Romeo and Juliet is one of the most difficult plays to create new,” says Meineck. “But this really is a play about love, and how anybody can have this overwhelming love for anyone at any time. Anybody could be Romeo or Juliet.”

Or, everybody could be Romeo or Juliet. Every member of the company learned every role in the play, and while Romeo remains the favorite part for male and female actors alike, most everyone has pulled Balthasar or Abraham duty.

Although the casting-on-the-fly concept sounds madcap, the company—under the artistic direction of Meineck, who moonlights as a Classics professor at New York University and is an award-winning translator of Aristophanes—was exceedingly meticulous in its preparation, a process complicated by the thousands of mathematically possible cast combinations. Even basic blocking was fraught with difficulties: Would Romeo be embracing a wisp of a girl or a hulk of a man?

“It was the hardest rehearsal we’ve ever done,” Meineck says. “Some of our senior actors hadn’t been pushed so hard in 16 years.”

One of the toughest hurdles for the actors was becoming accustomed to playing opposite a character whose lines they knew—and could deliver with feeling. Like so many of Shakespeare’s works, Romeo and Juliet is predicated on misunderstanding, so any indication of such familiarity could undo a performance.

“It’s definitely a real challenge,” Meineck says. “The actors are constantly working.”

Role-swapping isn’t unprecedented in Shakespeare: John Gielgud and Laurence Olivier famously alternated the roles of Romeo and Mercutio in a 1935 stage production, hailed as a triumphant experiment. But Aquila’s technique, which emerged from workshopping the roles of Romeo and Juliet as two men and two women, is new.

“I don’t think anyone else would be stupid enough to try it,” Meineck says.

Nor is he sure it would be as effective when applied to Shakespeare’s political dramas, which are populated by so many men of indeterminate age. Theatergoers have a fixed vision of Juliet as a teenaged beauty, and tend to squirm in their seats when a lanky older fellow with a weather-beaten face steps into the role.

Although audiences seem willing to accept a female Romeo, they apparently feel entitled to a white Juliet with classically lovely features.

“I love it when Kenn Sabberton, who’s 55, plays Juliet,” says Meineck. “It’s interesting what it brings up. Your imagination is forced to work harder.”

Actors cast in roles so obviously at odds with their physiques strive not to create caricatures of their characters: “If you make it a drag act, or you make it a little bit campy, you lose the text,” says Meineck, conceding that the male actors have exploited the comic possibilities of playing Juliet’s nurse.

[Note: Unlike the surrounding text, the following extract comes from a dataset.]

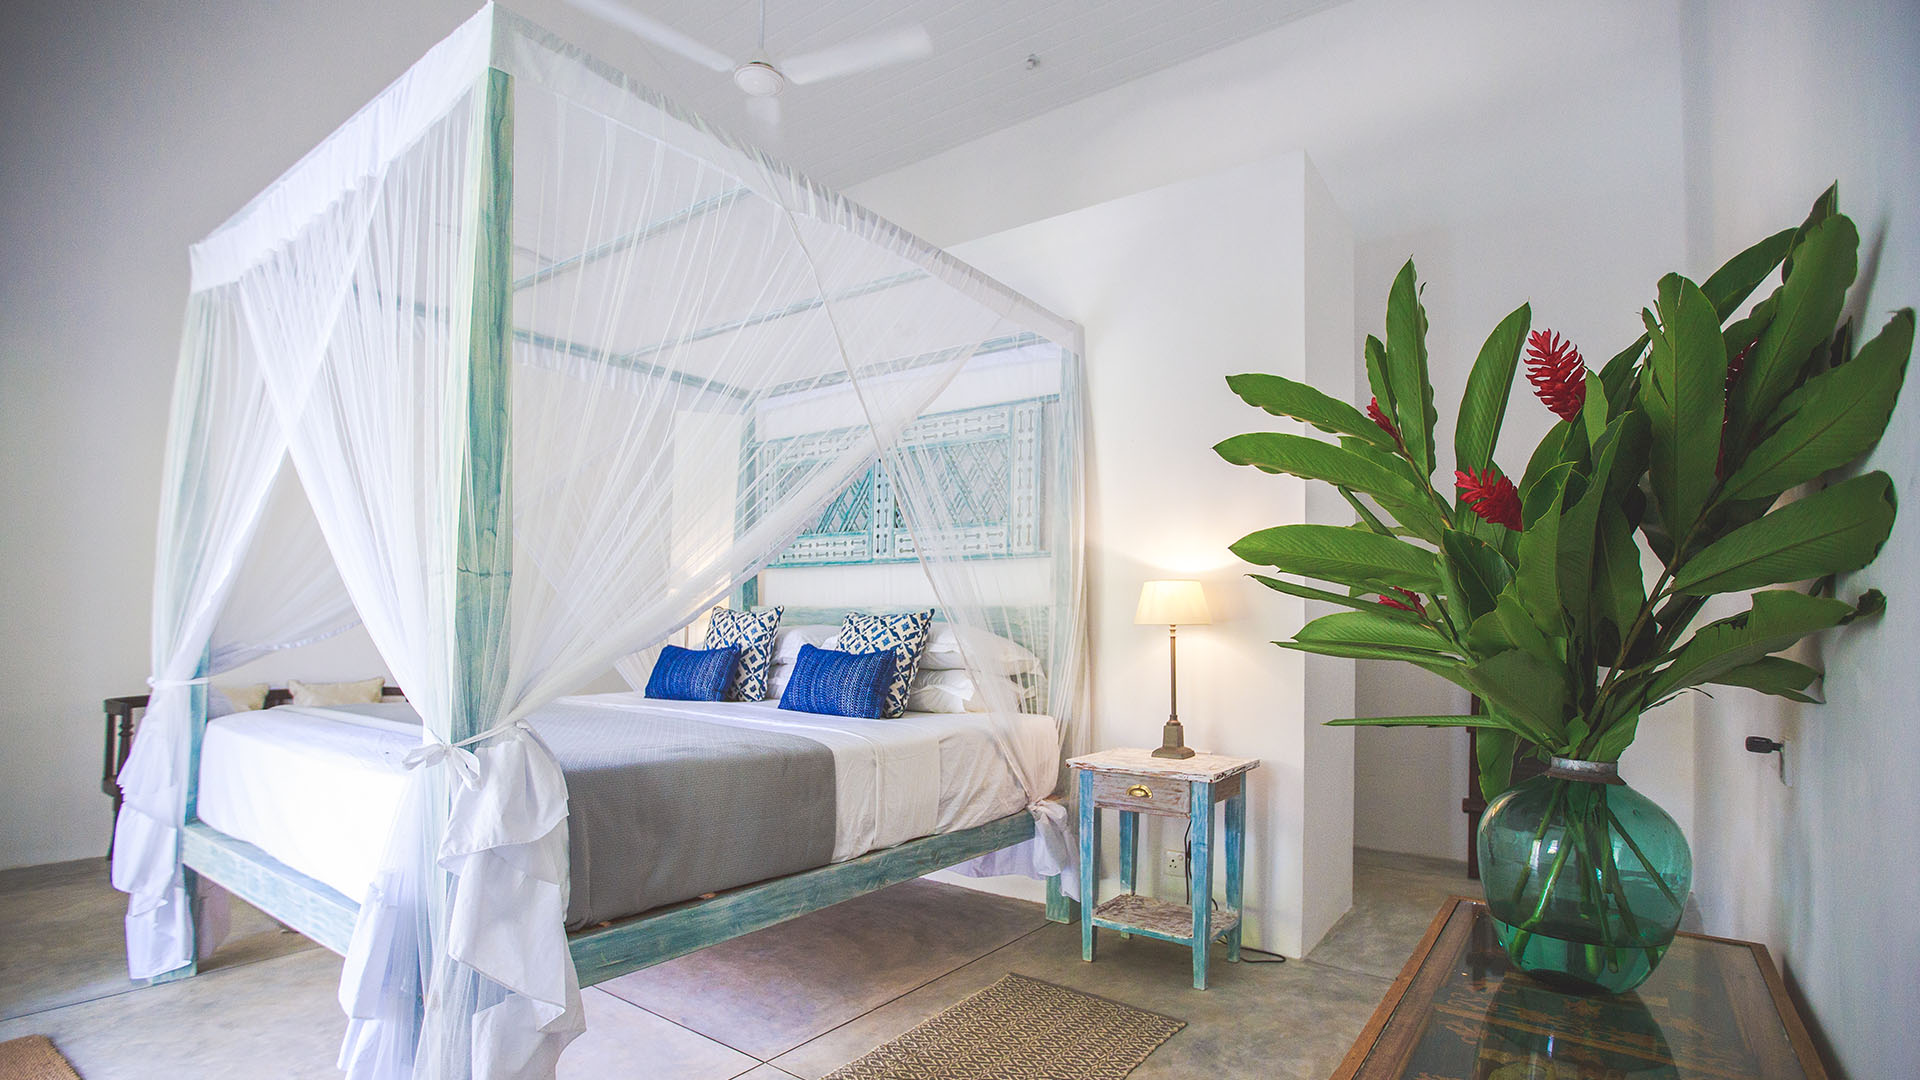 Sri_lanka_holiday_villa_sissila_grand_suite1Sri_lanka_holiday_villa_sissila_grand_suite_05.jpg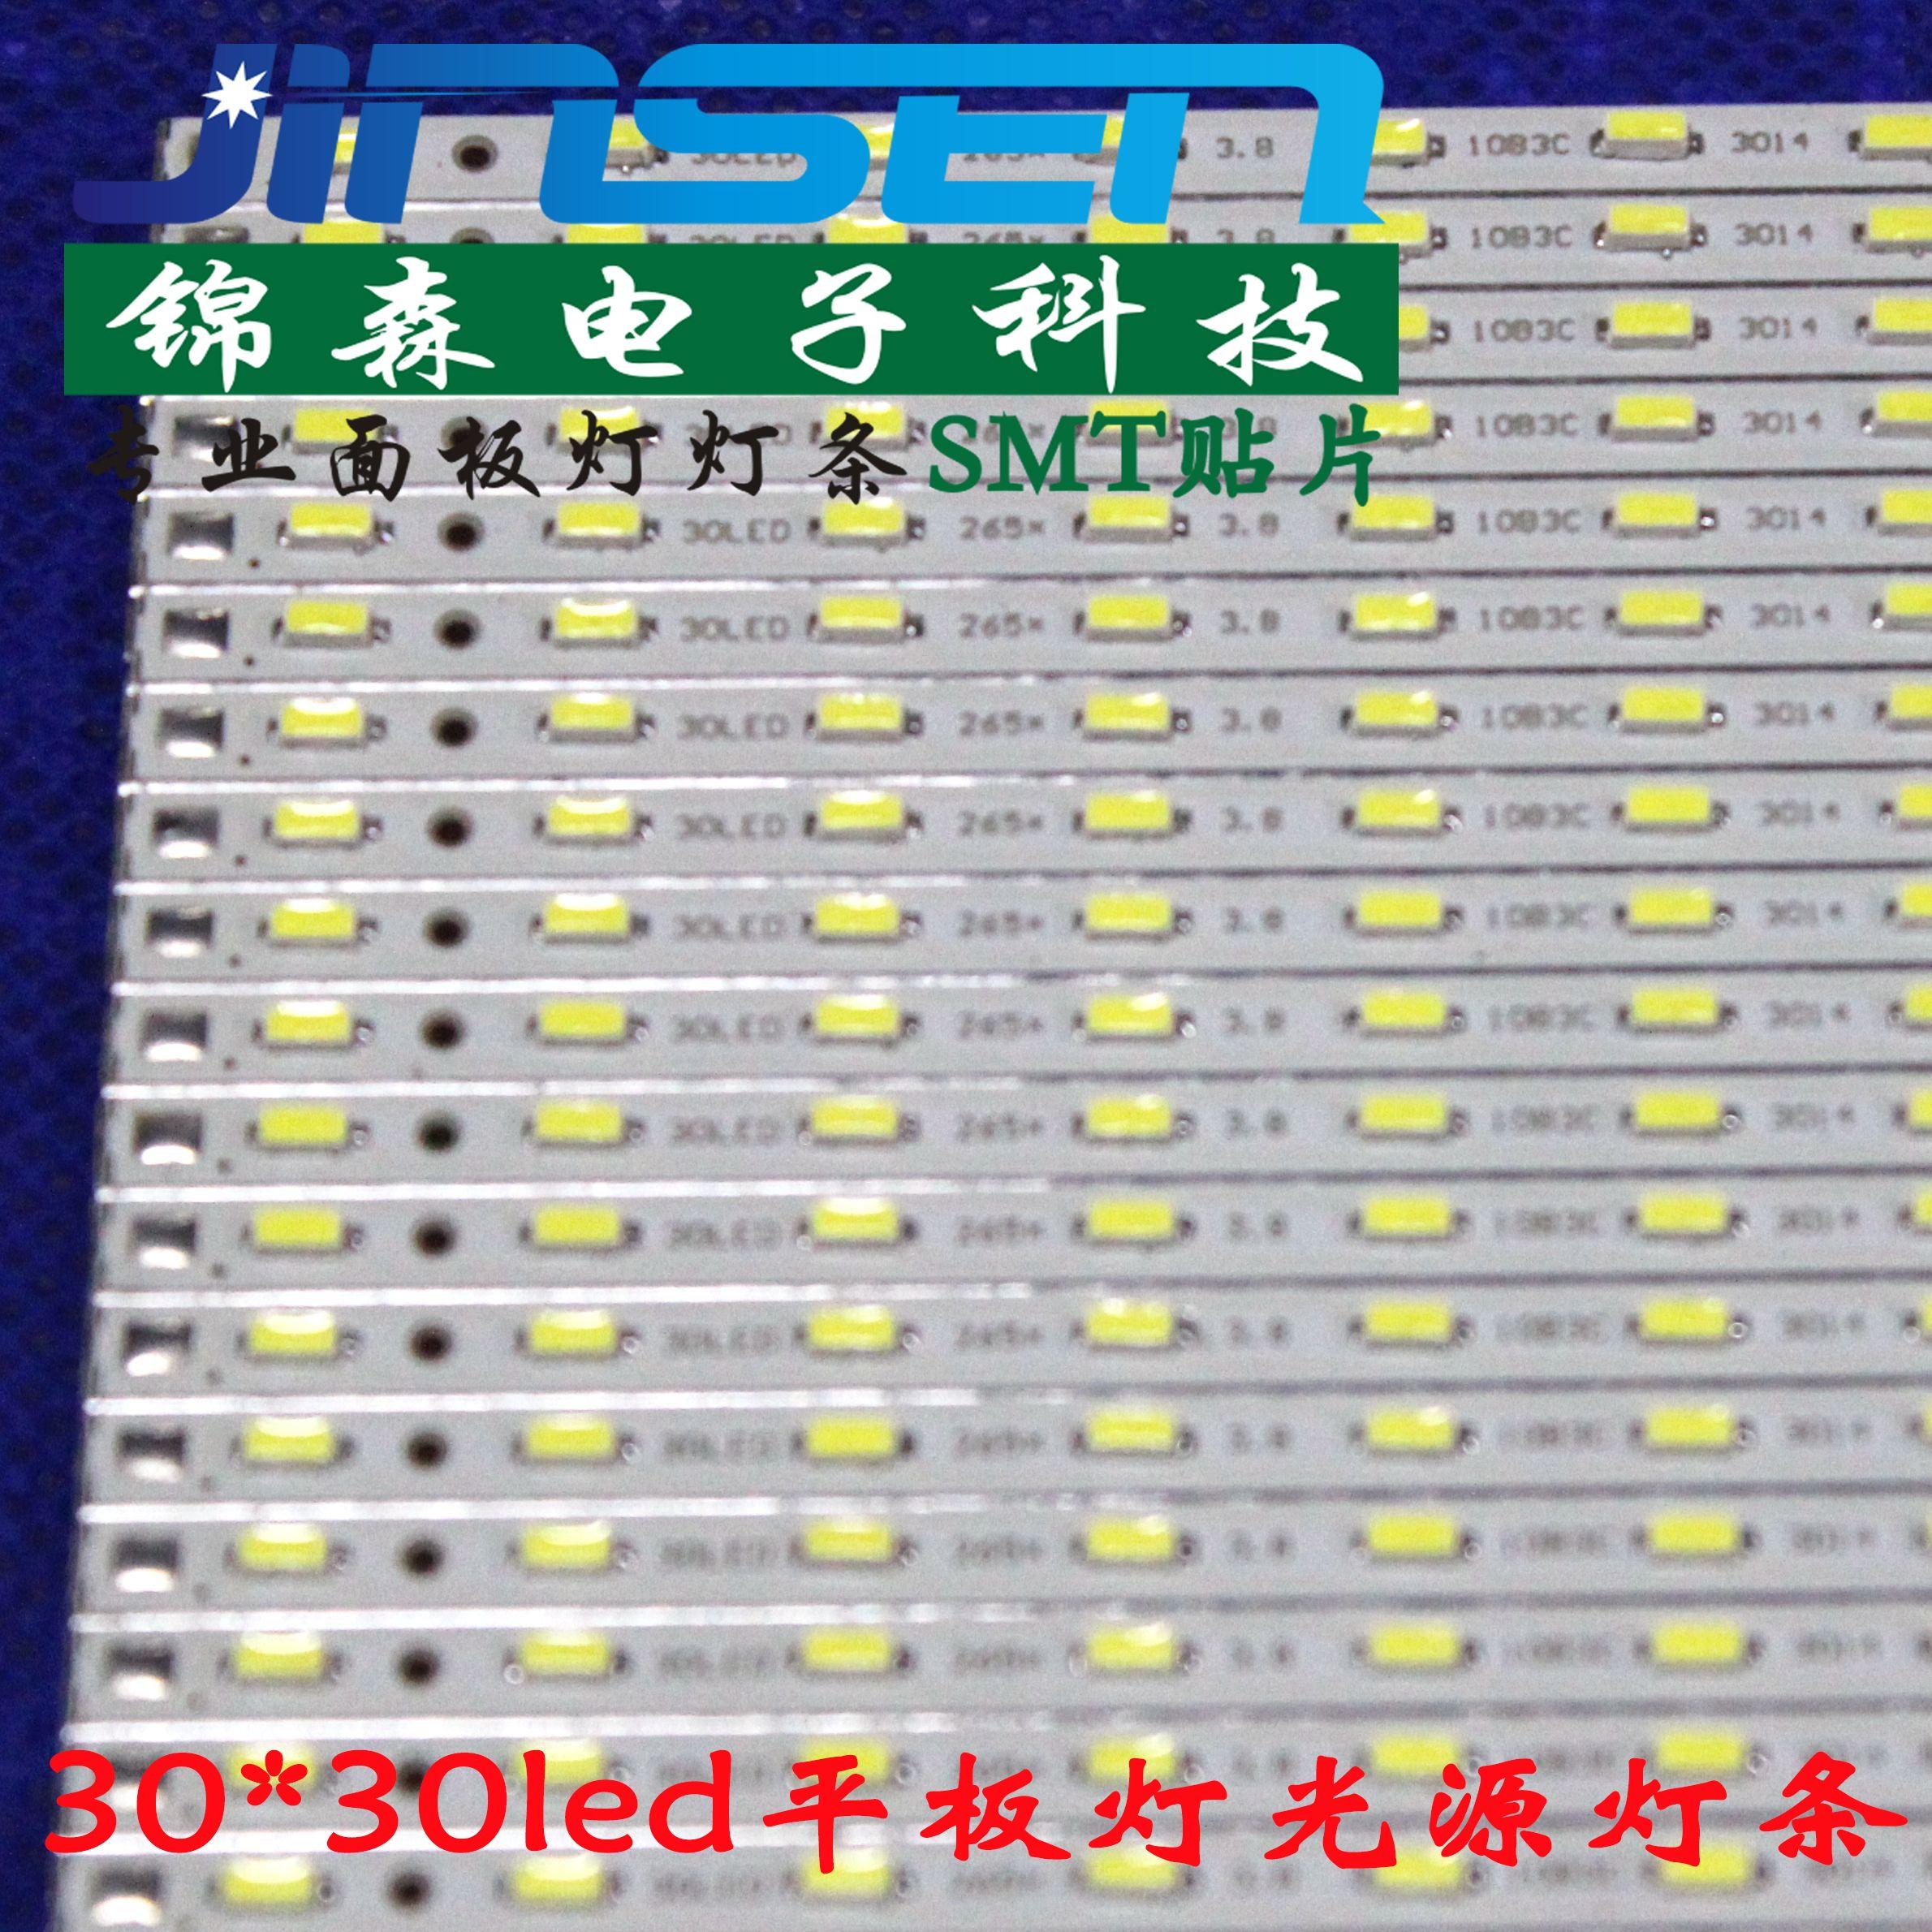 30LED平板灯专用4014硬灯条 300300面板灯铝基板灯条

“We pushed the envelope on this one,” says Meineck. “This production was a great risk. We didn’t know if we’d pull it off.”

Aquila’s famously progressive productions have encountered skepticism nearly everywhere they’re staged, including the White House. Nervous staffers worried the company’s go-go take on Much Ado About Nothing would offend the building’s current residents, whose artistic tastes run to the Everly Brothers and Field of Dreams. But in an interview with the Washington Post published earlier this month, Laura Bush named the 2005 production the best Shakespeare she’d ever seen.

“Sometimes you have to take risks,” says Meineck. “The device we’re using is quite magical, and I think theater should be magical. Otherwise, why would you leave your living room?”